Und allein dieser SpannungsAbfall von 1V würde an der ohnehin niedrigen Spannung von 10..20V am Verbraucher deutlich fehlen ...

Aus reiner Neugier: wofür willst Du die 6kA umschalten?


----------



## Onkel Dagobert (5 August 2020)

Herman, ich hoffe, du weißt wovon du redest. Suche nach "Scheibenzelle" oder besser "GTO Scheibenzelle" und denke über eine Wasserkühlung nach! Es gibt auf jeden Fall Typen bis 8000A.


----------



## Hesse (5 August 2020)

Heinileini schrieb:


> Aus reiner Neugier:



und wo kommen die ca. 100kW bei dieser niedrigen Spannung den her...


----------



## HermanBaumann (6 August 2020)

Hallo Zusammen,

ich möchte eine Umschalter für 2 Schweißköpfe bauen


----------



## appsofting (6 August 2020)

hier würde ich die Spannungsregelung / -steuerung auf der Hochspannungsseite (falls verfügbar) oder deren Umwandlung in eine höhere Spannung überlegten. Es wäre hier hohe Baukosten (Drähte / Schienen / Schicherungen) und hohe Energieverluste. Wenn möglich natürlich.


----------



## winnman (6 August 2020)

Muss unbedingt umgeschaltet werden oder kann der nicht verwendete Kopf ev. einfach parallel angeklemmt bleiben?


----------



## Hesse (6 August 2020)

winnman schrieb:


> Muss unbedingt umgeschaltet werden oder kann der nicht verwendete Kopf ev. einfach parallel angeklemmt bleiben?

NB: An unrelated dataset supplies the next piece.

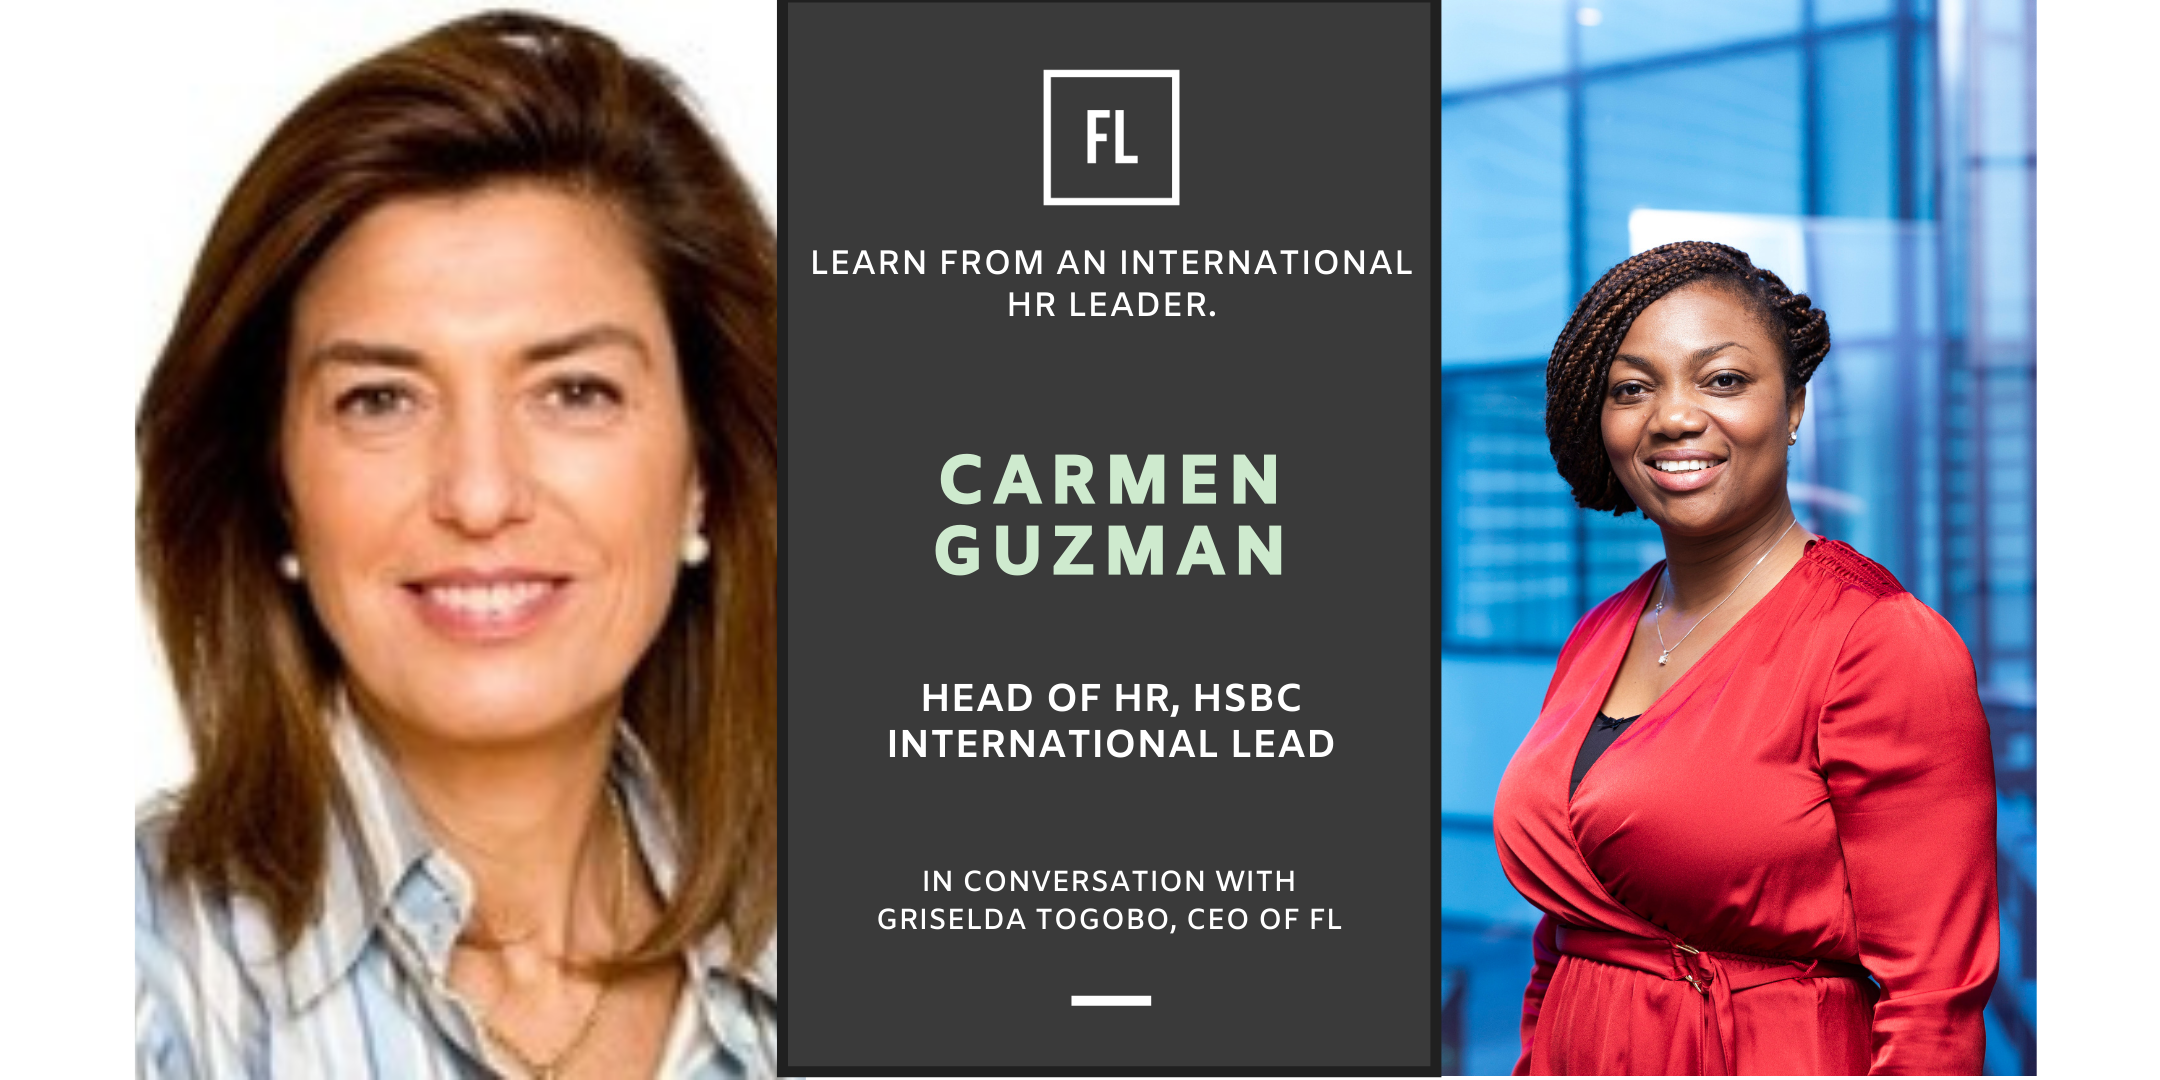 In Conversation With Carmen Guzman, Head of HR, HSBC

  Wenn den wirklich umgeschaltet werden muss, dann nächste Frage:


  Muss denn unter Last  umgeschaltet werden?


----------



## HermanBaumann (7 August 2020)

Ja muss man umschalten  und Unterlast 
( Gleichspannung ca. 20 Kh)


----------



## winnman (7 August 2020)

Dann würde ich eher Richtung Leistungsschalter gehen.

Frag doch mal gezielt bei Herstellern nach (Schneider, Siemens, eaton, . . .)

Ich könnte mir vorstellen, dass deren 400V AC Geräte durchaus bei den kleinen Spannungen auch für DC geeignet sind. (ev. muss nach x Schaltungen die Polarität am Schalter getauscht werden)
Und 6kA sind da pro Pol auch machbar, werden 3 polige Geräte verwendet und die Pole parallel geschaltet wird das mechanisch auch gar nicht so groß.


----------



## Heinileini (7 August 2020)

HermanBaumann schrieb:


> Ja muss man umschalten  und Unterlast
> ( Gleichspannung ca. 20 Kh)


Ah ja, also doch GleichSpannung unter Last abschalten! Der HärteFall nicht nur für ein Schütz, sondern ebenso für eine ThyristorSchaltung. Der Aufwand wird dadurch mehr als verdoppelt. Den Strom abgraben und damit eine bzw. ganz viele dicke Kapazitäten aufladen und für den nächsten Einsatz wieder entladen.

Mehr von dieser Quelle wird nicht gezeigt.